» TASK ITEM: The data below holds a line containing "Making a simple" and a line containing "Cubic zirconia blue necklace"; please quote exactly those two lines and every line between them, and nothing else.

START ENTRIES SHOWN

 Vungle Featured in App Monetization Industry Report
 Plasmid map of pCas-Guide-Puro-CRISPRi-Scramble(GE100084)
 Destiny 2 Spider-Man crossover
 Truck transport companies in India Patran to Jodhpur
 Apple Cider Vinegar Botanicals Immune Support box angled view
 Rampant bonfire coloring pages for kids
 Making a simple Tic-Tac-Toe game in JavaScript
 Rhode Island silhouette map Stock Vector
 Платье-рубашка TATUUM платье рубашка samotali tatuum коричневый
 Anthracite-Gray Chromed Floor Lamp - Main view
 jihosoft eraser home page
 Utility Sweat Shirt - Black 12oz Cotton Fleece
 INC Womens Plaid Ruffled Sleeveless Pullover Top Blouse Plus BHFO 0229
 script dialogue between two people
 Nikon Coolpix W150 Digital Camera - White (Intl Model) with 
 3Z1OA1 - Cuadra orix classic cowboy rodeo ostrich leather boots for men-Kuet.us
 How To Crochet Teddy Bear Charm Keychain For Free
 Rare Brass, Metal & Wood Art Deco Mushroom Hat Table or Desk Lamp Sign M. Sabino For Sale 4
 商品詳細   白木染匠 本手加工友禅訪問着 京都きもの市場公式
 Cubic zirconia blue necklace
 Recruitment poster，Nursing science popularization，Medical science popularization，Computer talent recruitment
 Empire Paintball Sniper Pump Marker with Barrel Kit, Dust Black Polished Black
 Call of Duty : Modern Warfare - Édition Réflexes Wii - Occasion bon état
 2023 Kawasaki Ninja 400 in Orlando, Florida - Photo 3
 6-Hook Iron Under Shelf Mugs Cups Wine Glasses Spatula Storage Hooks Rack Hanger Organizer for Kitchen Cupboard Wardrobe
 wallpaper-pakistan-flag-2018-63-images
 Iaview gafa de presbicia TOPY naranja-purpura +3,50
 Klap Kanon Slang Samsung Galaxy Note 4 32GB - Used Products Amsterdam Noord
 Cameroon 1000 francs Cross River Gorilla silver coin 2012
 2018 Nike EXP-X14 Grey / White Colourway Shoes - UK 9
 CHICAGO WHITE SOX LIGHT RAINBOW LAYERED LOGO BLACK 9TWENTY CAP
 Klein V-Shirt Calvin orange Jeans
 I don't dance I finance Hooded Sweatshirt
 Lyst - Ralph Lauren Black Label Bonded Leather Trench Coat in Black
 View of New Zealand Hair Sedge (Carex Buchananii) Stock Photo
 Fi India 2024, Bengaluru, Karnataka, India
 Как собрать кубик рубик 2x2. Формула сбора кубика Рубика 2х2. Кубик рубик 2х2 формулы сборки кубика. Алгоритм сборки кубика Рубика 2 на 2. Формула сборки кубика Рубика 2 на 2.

END ENTRIES SHOWN

» RESULT:
 Making a simple Tic-Tac-Toe game in JavaScript
 Rhode Island silhouette map Stock Vector
 Платье-рубашка TATUUM платье рубашка samotali tatuum коричневый
 Anthracite-Gray Chromed Floor Lamp - Main view
 jihosoft eraser home page
 Utility Sweat Shirt - Black 12oz Cotton Fleece
 INC Womens Plaid Ruffled Sleeveless Pullover Top Blouse Plus BHFO 0229
 script dialogue between two people
 Nikon Coolpix W150 Digital Camera - White (Intl Model) with 
 3Z1OA1 - Cuadra orix classic cowboy rodeo ostrich leather boots for men-Kuet.us
 How To Crochet Teddy Bear Charm Keychain For Free
 Rare Brass, Metal & Wood Art Deco Mushroom Hat Table or Desk Lamp Sign M. Sabino For Sale 4
 商品詳細   白木染匠 本手加工友禅訪問着 京都きもの市場公式
 Cubic zirconia blue necklace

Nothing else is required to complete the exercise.